The function Currytwo converts a function of two arguments into a parameter to return another function that is also a parameter. Use the function text to implement the Currytwo after using it for demonstration (note the type of return style):

1def Currytwo[a,b,c] (f: (A, B) + c): A = = (A:A) = ((B:B) +F (A, b))2                                                   //> Currytwo: [A, B, C] (f: (A, B) and c) A = (b = c)3Val curriedfunction = Curry (addtwoparams)//> curriedfunction:int = (int = int) = <function1>4Val curryonce = curriedfunction (2)//> curryonce:int = Int = <function1>5Curryonce (5)//> res61:int = 7

Turn the addtwoparams into Curriedfunction int=> (int=>int). You can immediately see that you need to fill in the input parameters two times. When we encounter this problem of function morphing, we usually try to match the function's result type style (type signature) with the function text.

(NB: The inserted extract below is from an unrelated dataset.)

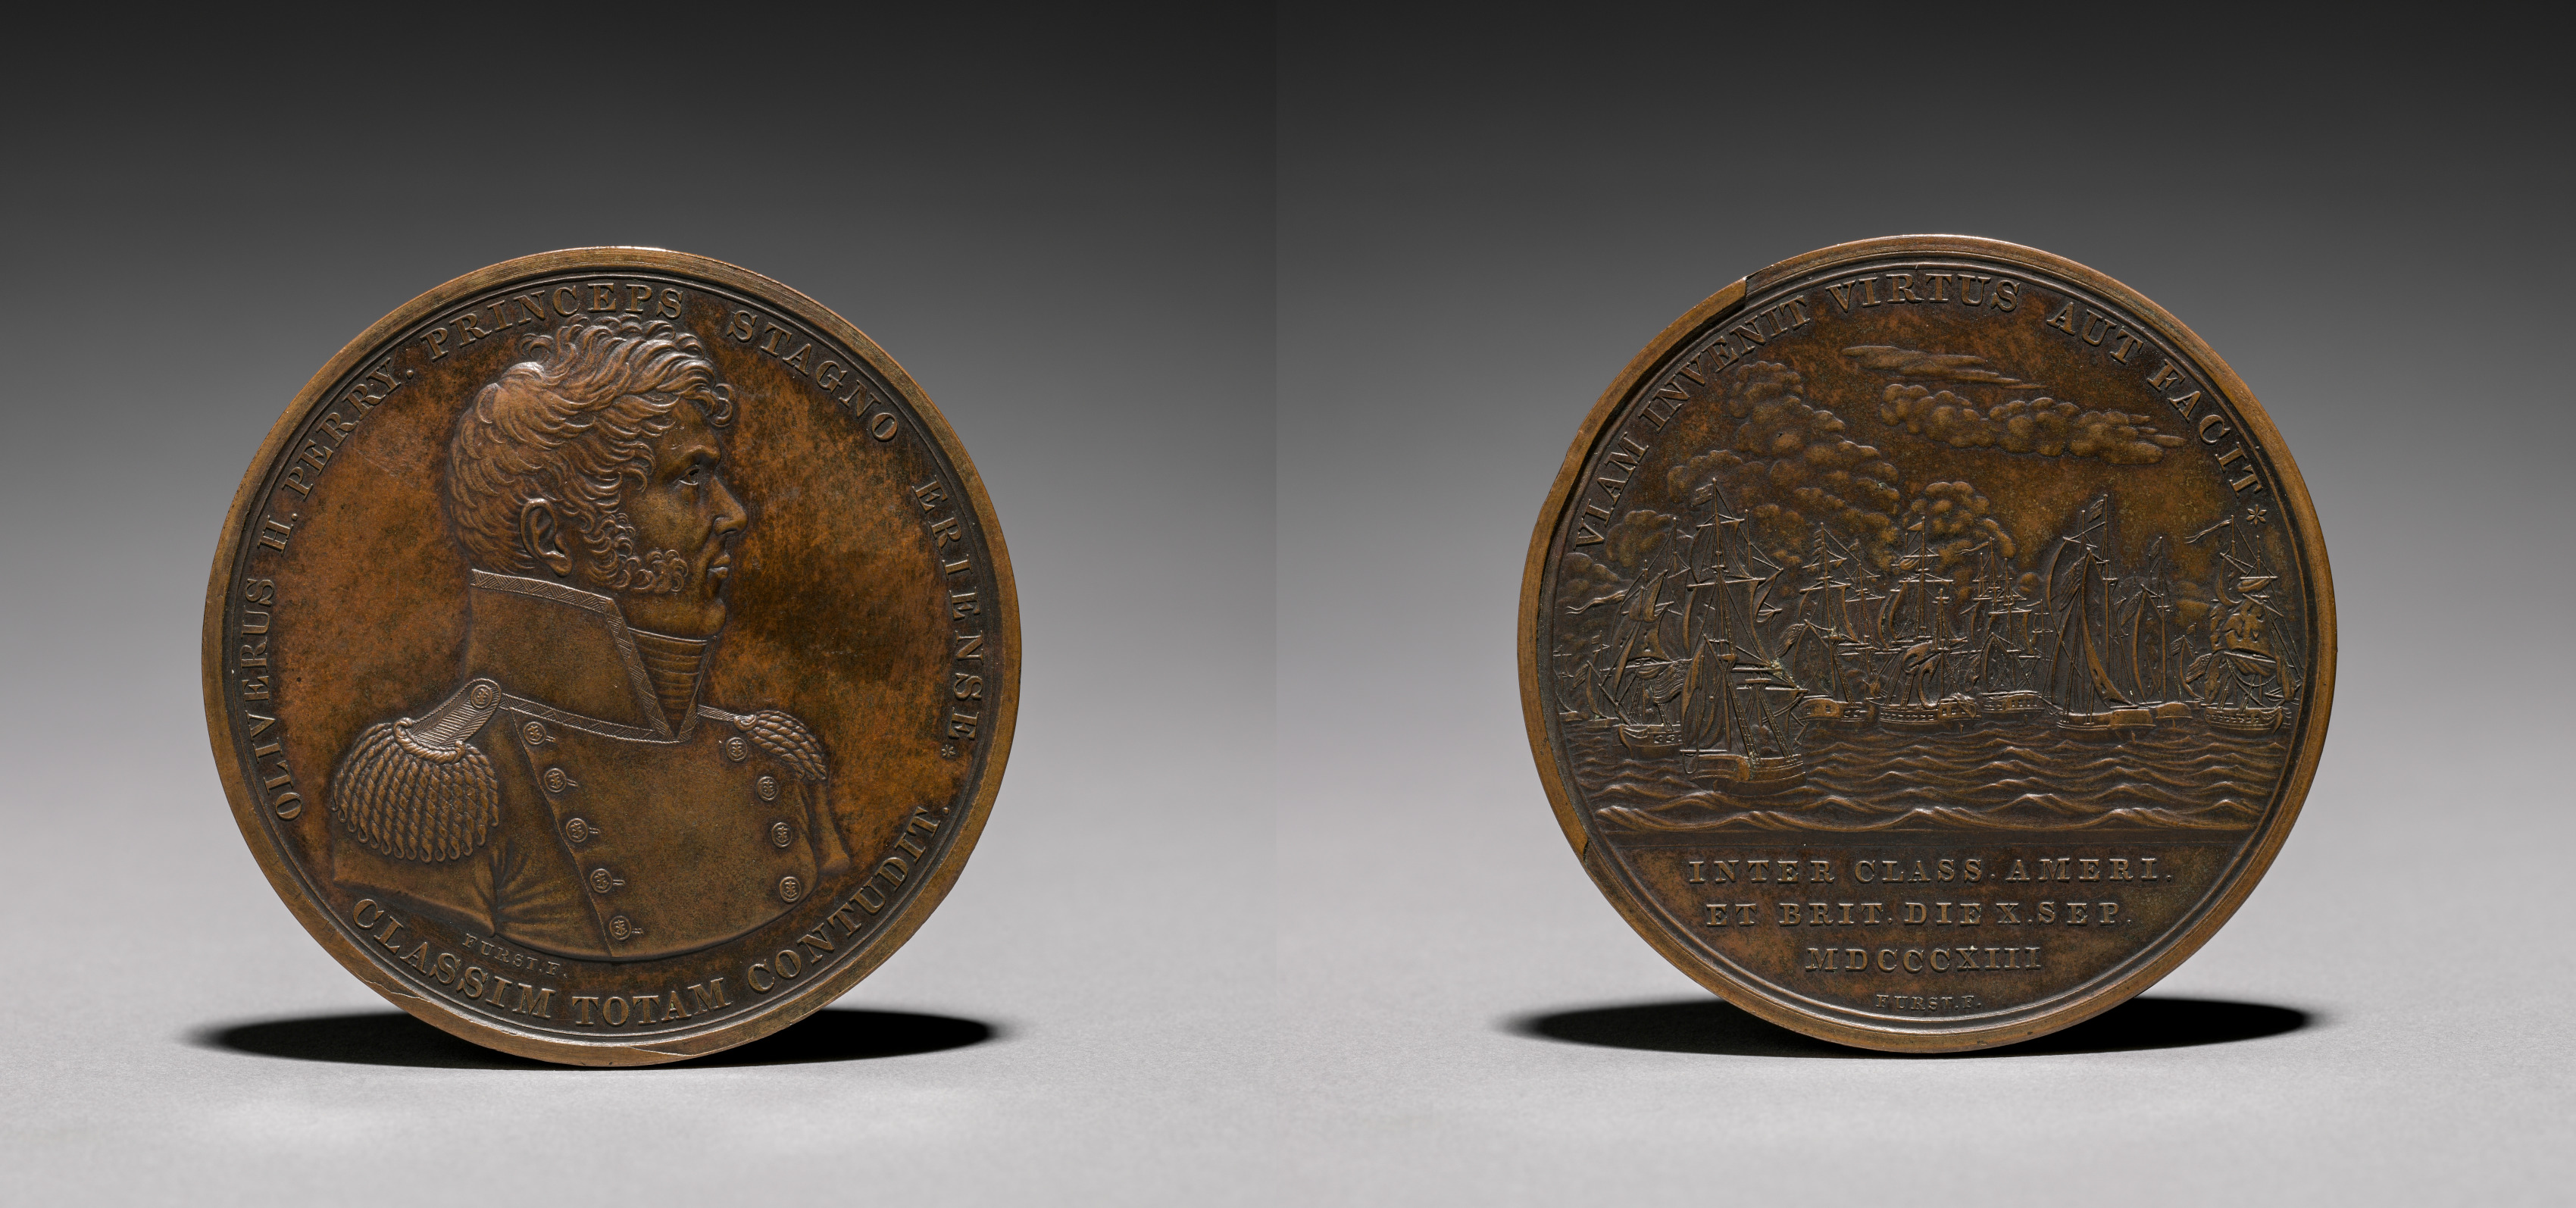 Medal Commemorating Commodore Oliver Hazard Perry (1785-1819) and the Battle of Lake Erie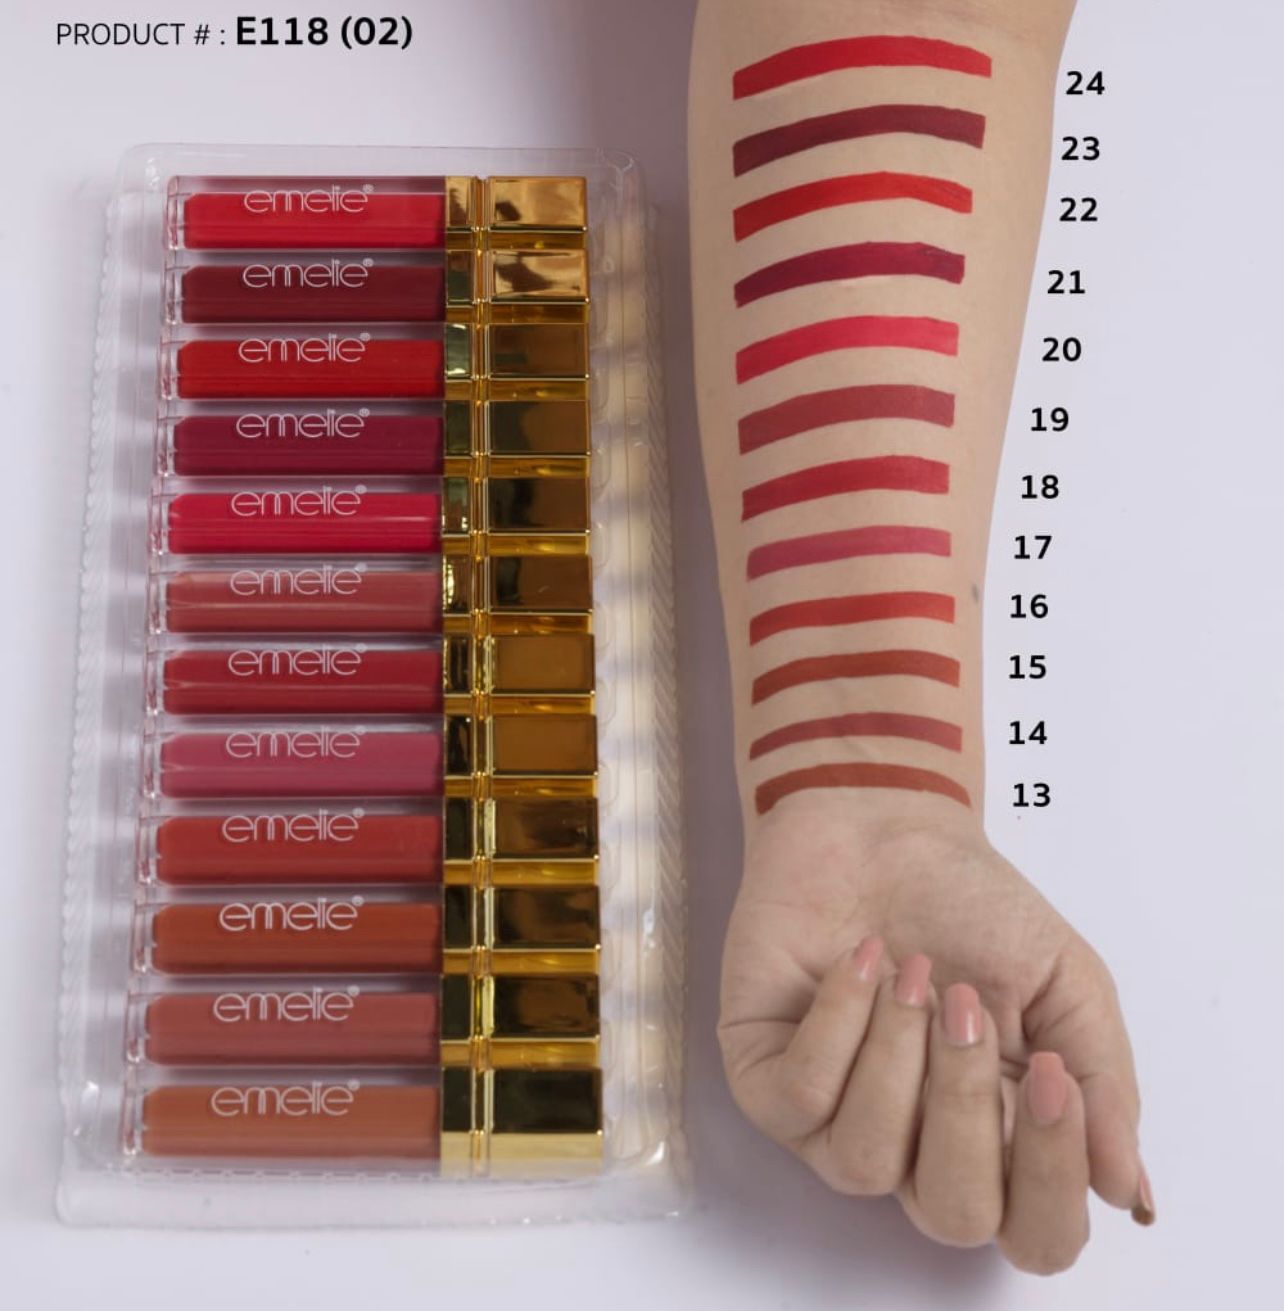 EMELIE COMPLETE PACK OF 12 LIP GLOSS E118 RED COLLECTION

Uncurry is the inverse of curry: return the curry function to the multi-parameter function: a = = B and c = ... = = N = f (a,b,c,... N)

1 def uncurry[a,b,c] (f:a = B and C): (b) + C

Combine the examples above to demonstrate the implementation and use of Uncurry functions:

1   def uncurry[a,b,c] (f:a = B and C): (b) + = (a:a, b:b) = ( f (A)) (b)2                                                   // C6>> Uncurry: [A, B, c] (f:a = (b = c)) (A, B) and C3   val uncurriedfunction = Uncurry (Currie dfunction)//> Uncurriedfunction  : (int, int) = = Int = <function2>4   uncurriedfunction (2,5)                          // > res62:int = 7

Uncurriedfunction changed back again.

Finally, an example of a function combination is demonstrated:

1 def compose[a,b,c] (f:b = c, g:a = B): A = C

Compose is the combination of the F and G two functions into another function. Take a look at the following implementations and usage demonstrations:

1def compose[a,b,c] (f:b = c, g:a = B): A = = c = (a:a) = =F (g (a))2                                                   //> Compose: [A, B, c] (f:b = c, g:a = B) A = C3Val fadd = (x:int) + x + 2//> fadd:int = Int = <function1>4Val Fmul = (y:int) = y * 5//> fmul:int = Int = <function1>5Val Multhenadd = Compose (Fadd,fmul)//> multhenadd:int = Int = <function1>6Multhenadd (2)//> Res63:int =

A new function is formed by combining the Fadd,fmul together. Multhenadd (2) = (2 * 5) + 2

If you re-write the image a little:

1   (Fadd compose Fmul) (2)                          // > Res64:int = 2   (Fmul compose Fadd) (2)                          // > Res65:int =

Note the compose right side of the hand associate: Fadd compose Fmul first operation Fmul the result input fadd. Design another left correlation function andthen:

1 def andthen[a,b,c] (f:a = B, g:b = c): A + c = (a:a) = g (f (A))2                                                   //< /c4>> Andthen: [A, B, c] (f:a = b, g:b = c) A = C3  (Fadd andthen Fmul) (2)                           //< /c9>> Res66:int =

Consider the meaning of this: Fadd and Fmul may be large functions of thousands of lines of code, and we can easily connect them together, just to match the type.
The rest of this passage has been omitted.